▶ **Task description**: Output the line that contains "3 Piece Queen" together with each line after it, through the final line of the listing below, word for word; omit pictures.

▶ **Raw data**:
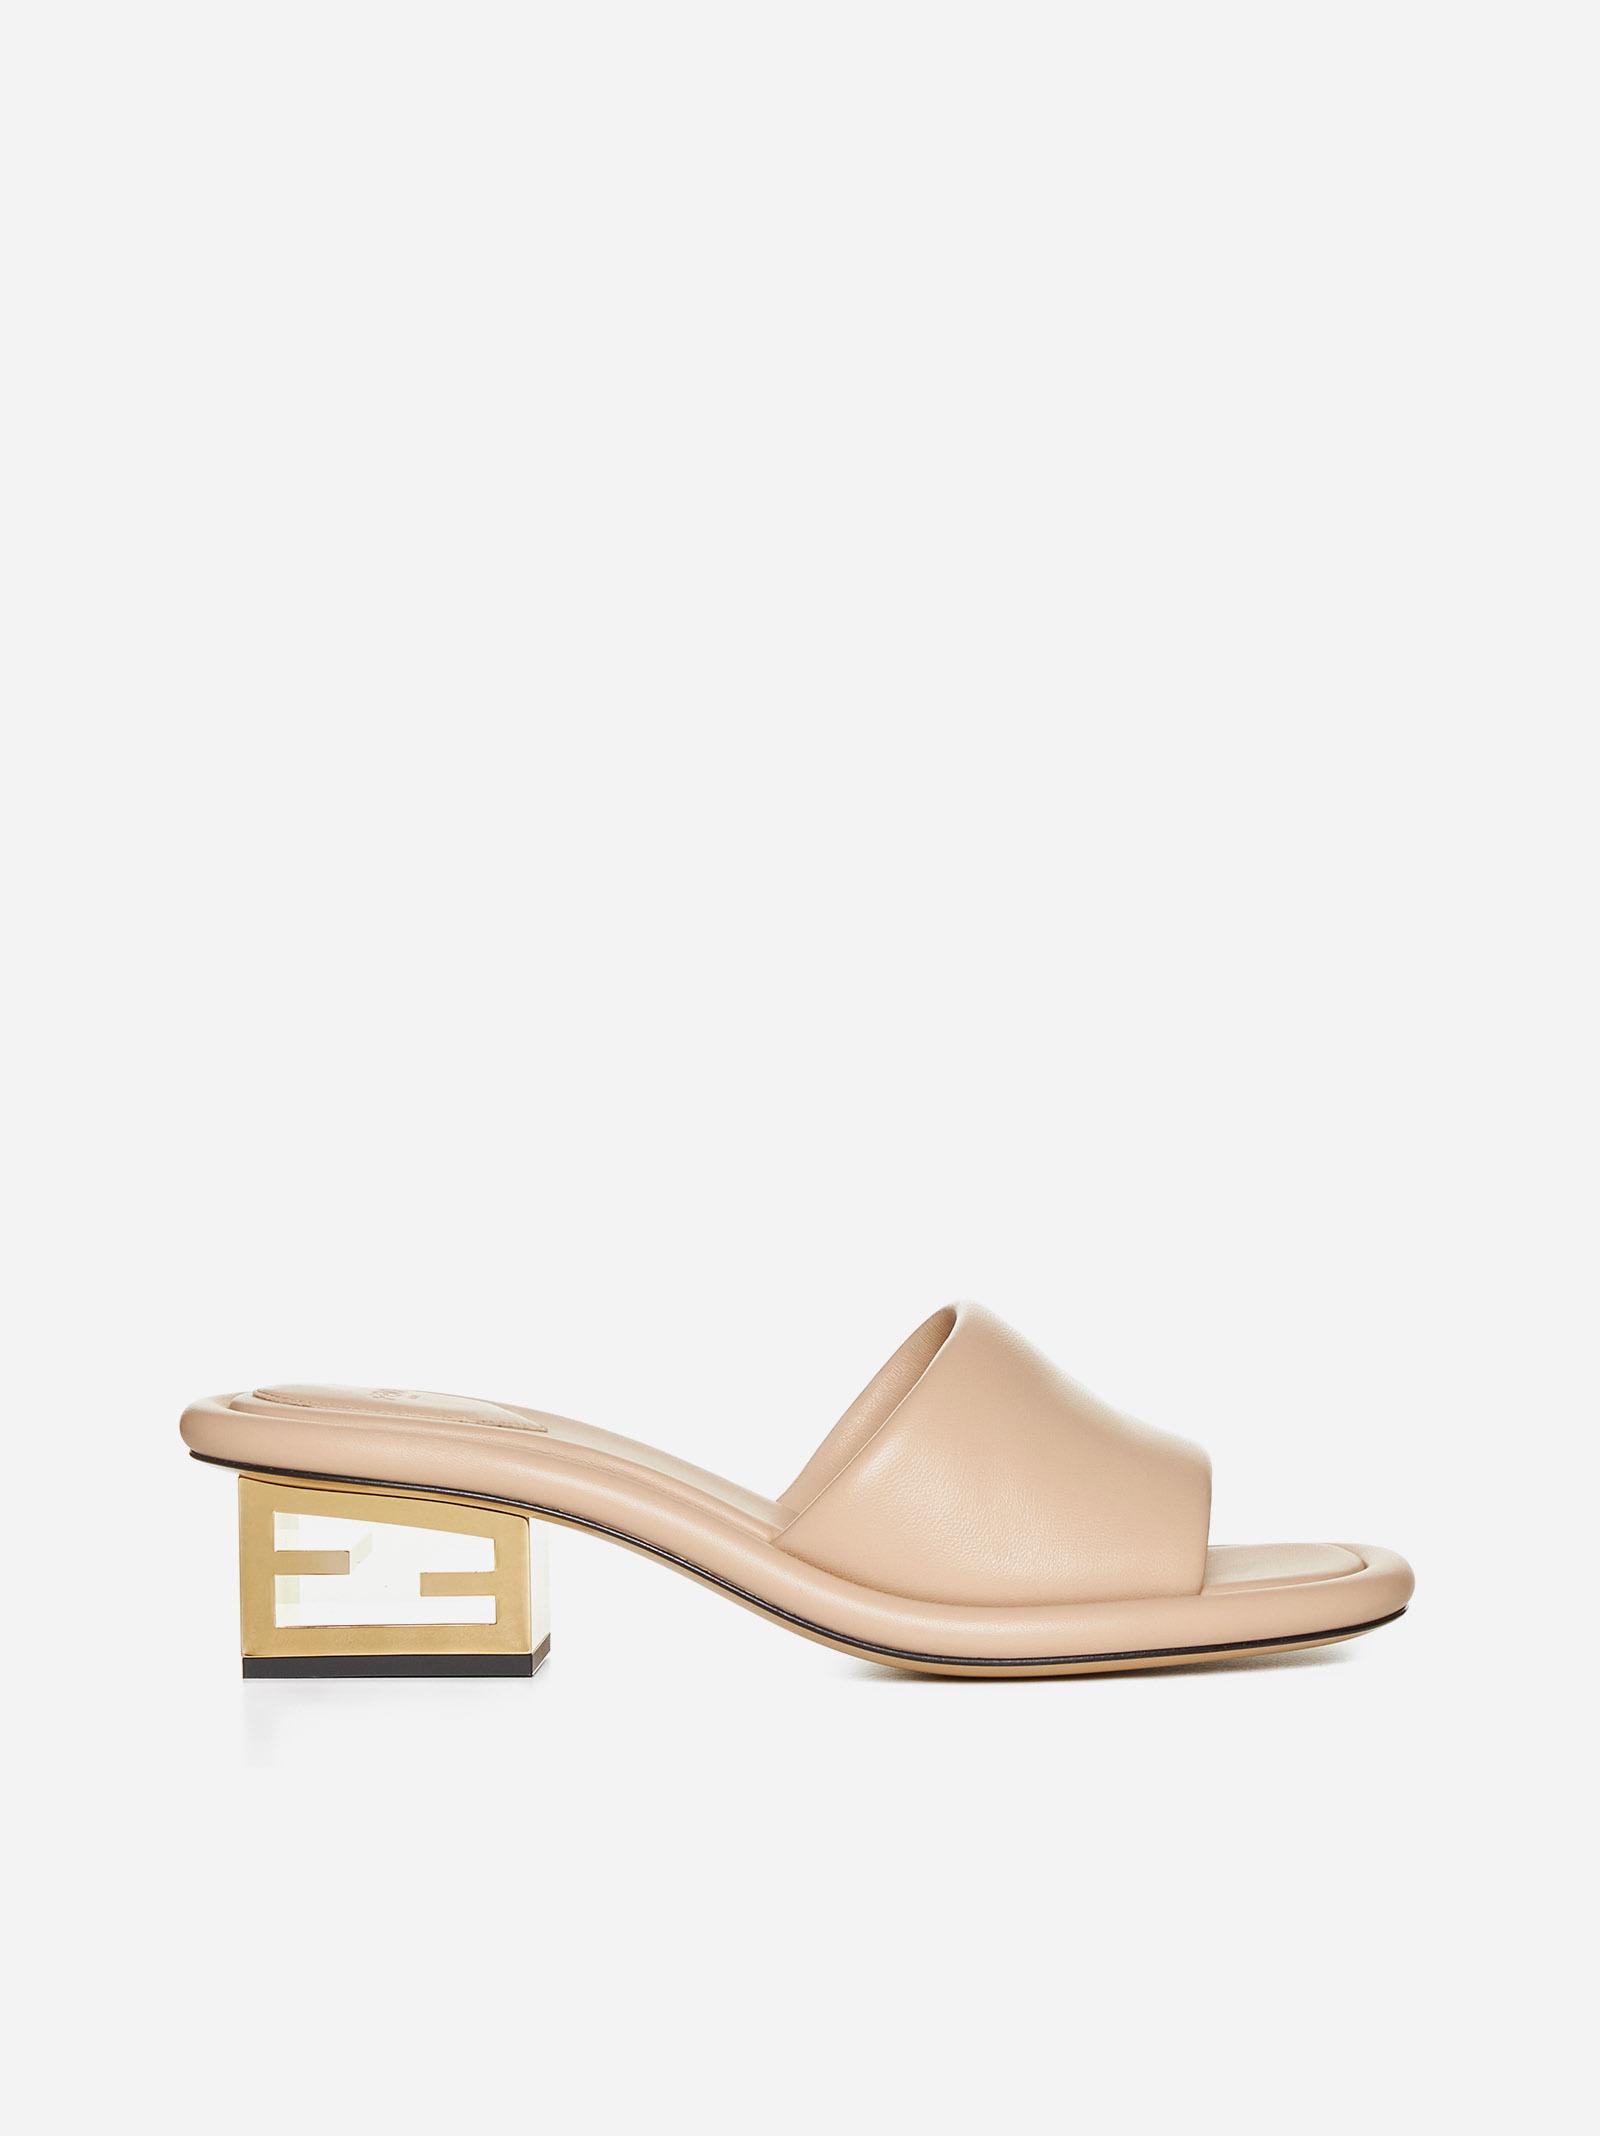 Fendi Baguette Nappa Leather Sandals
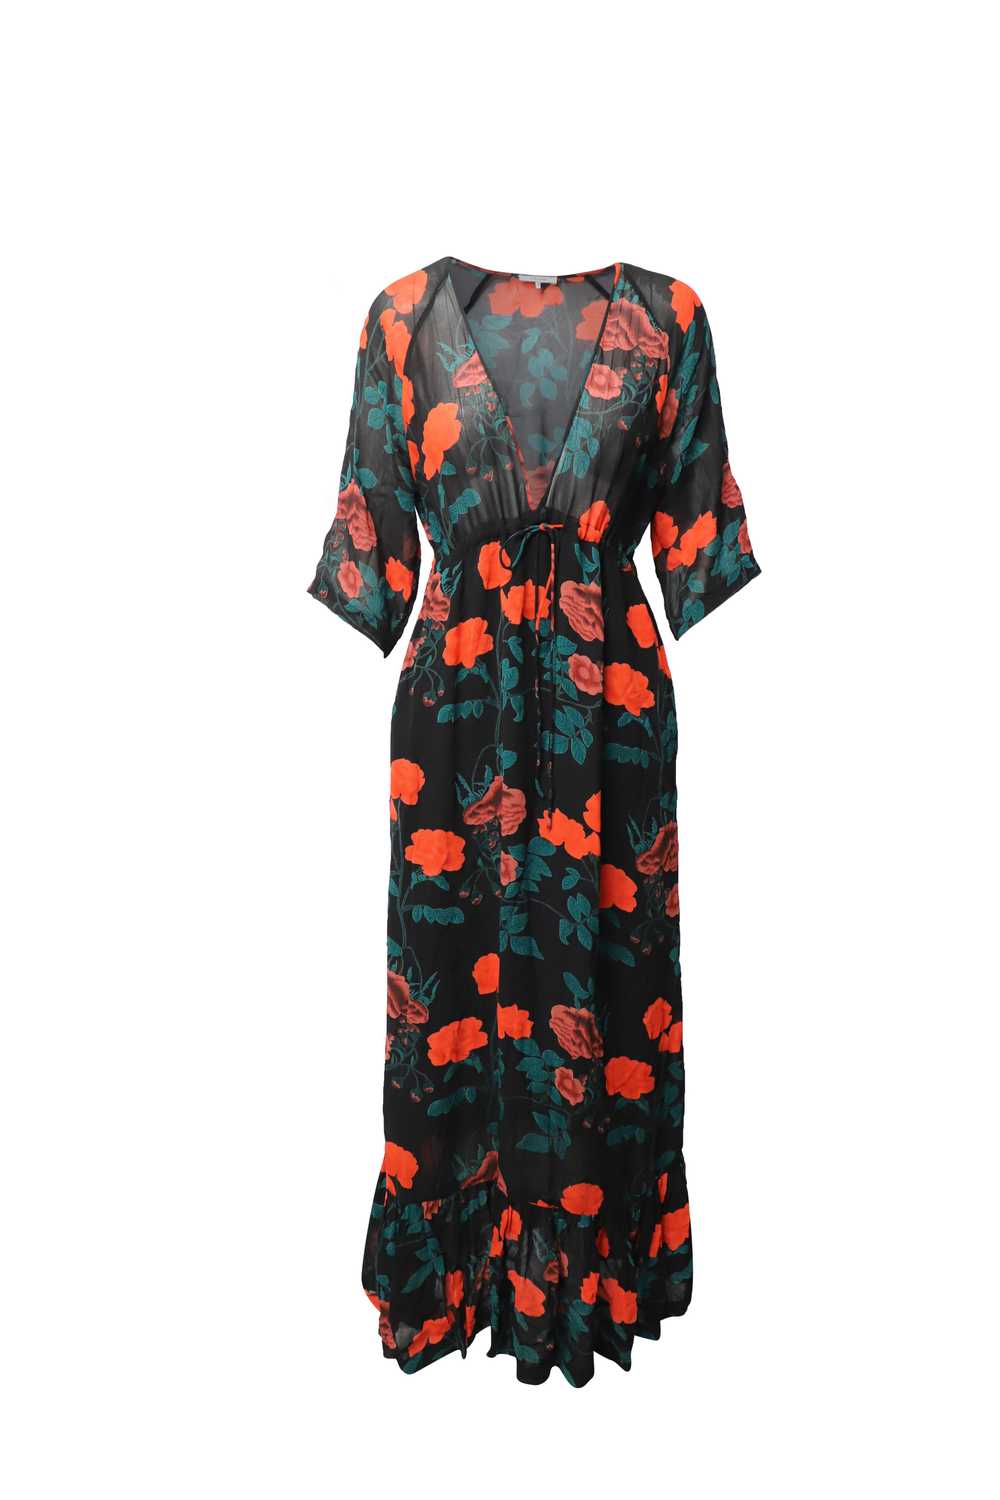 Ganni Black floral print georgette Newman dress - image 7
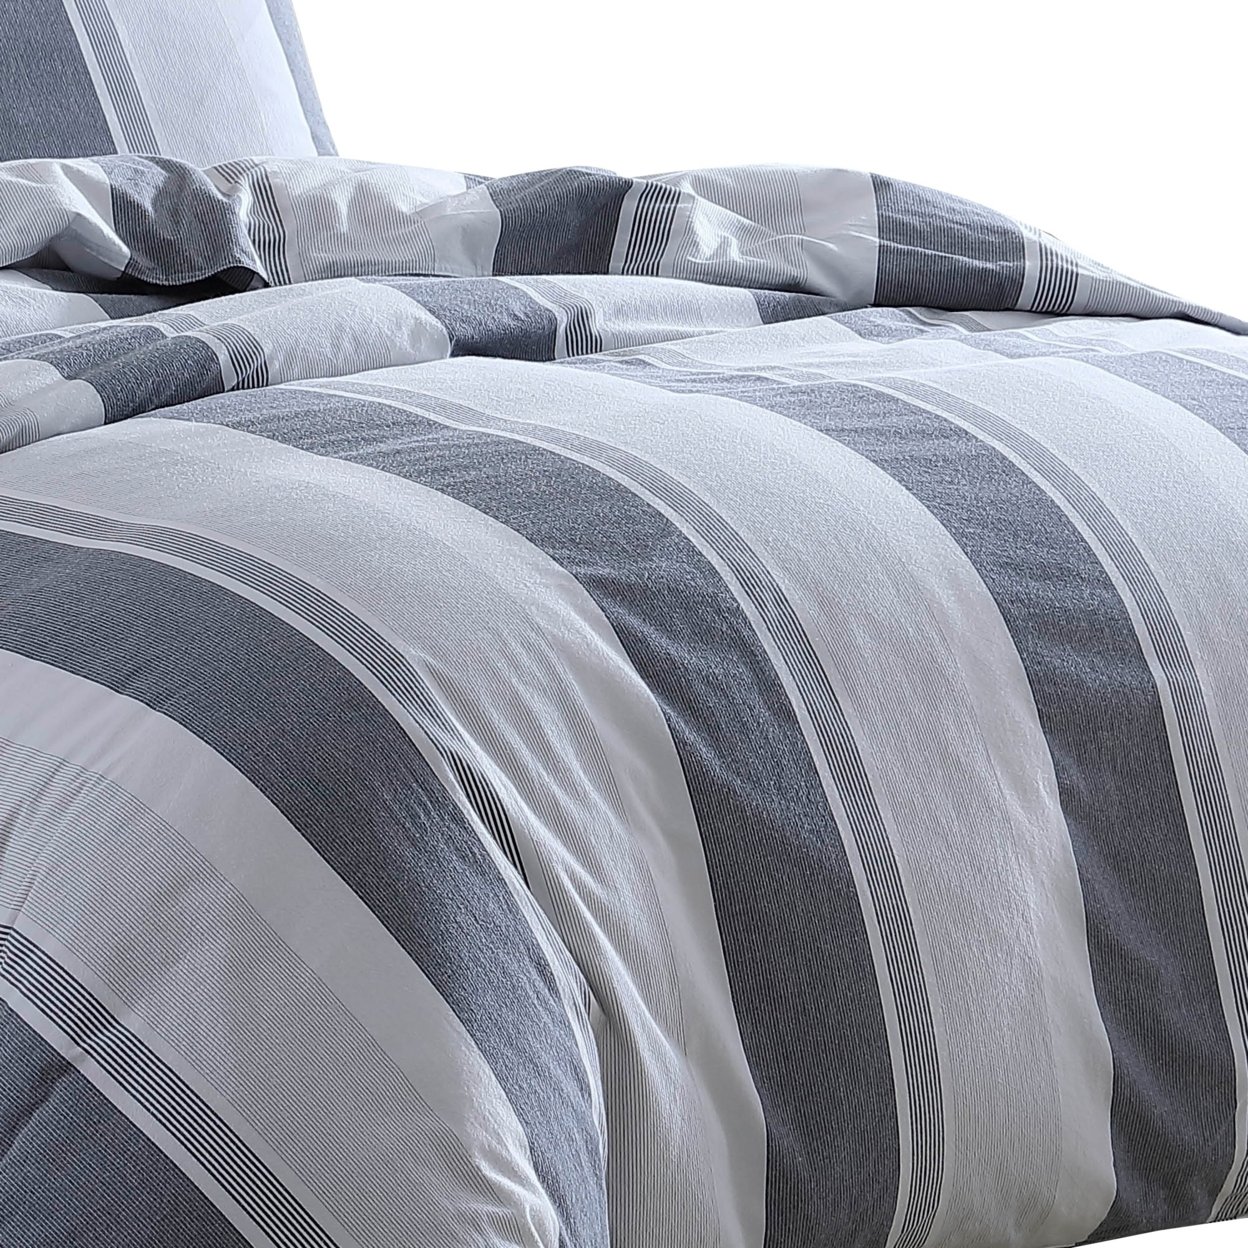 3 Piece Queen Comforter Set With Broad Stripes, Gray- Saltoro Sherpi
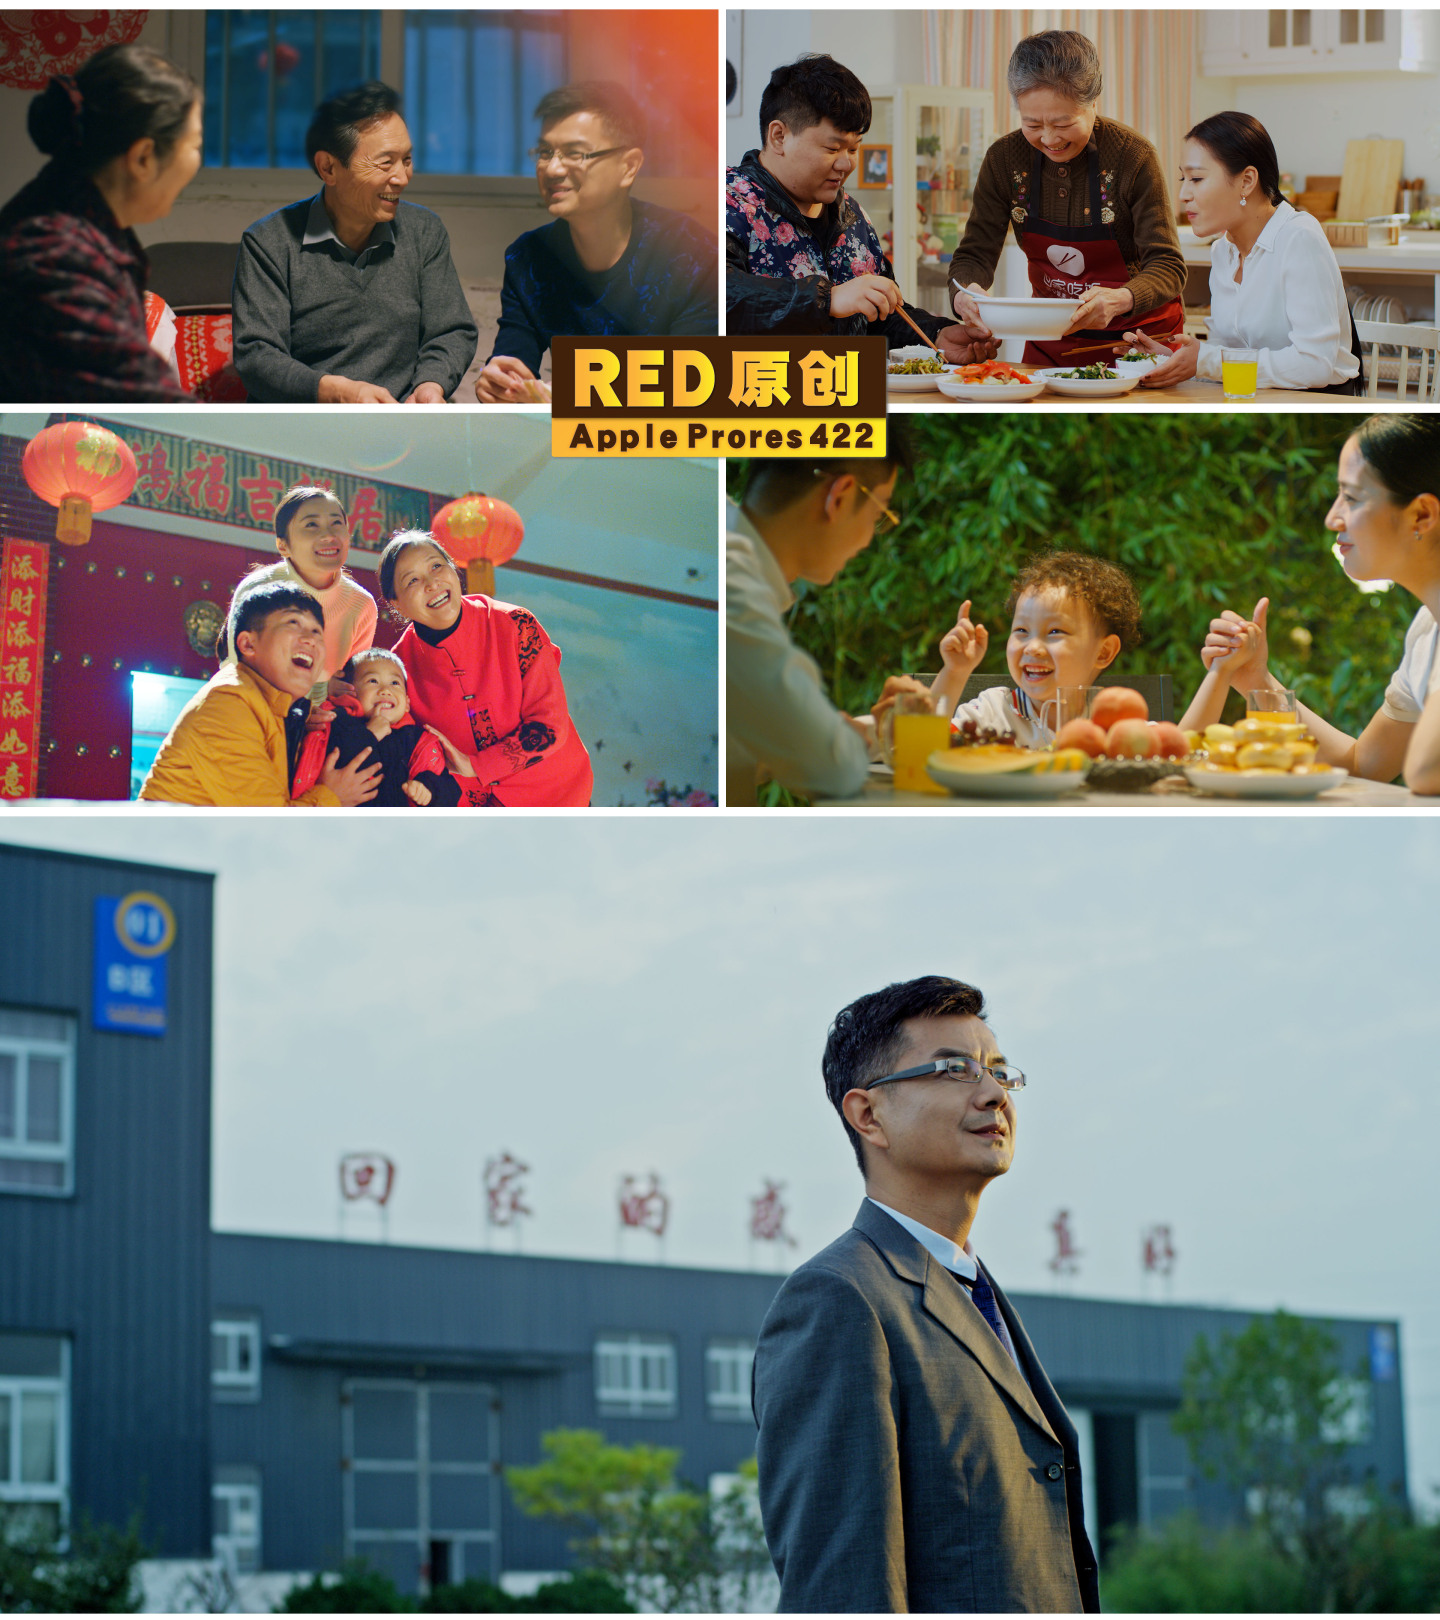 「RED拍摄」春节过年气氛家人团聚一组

▶ **Reply**:
 3 Piece Queen Comforter Set With Broad Stripes, Gray- Saltoro Sherpi
 「RED拍摄」春节过年气氛家人团聚一组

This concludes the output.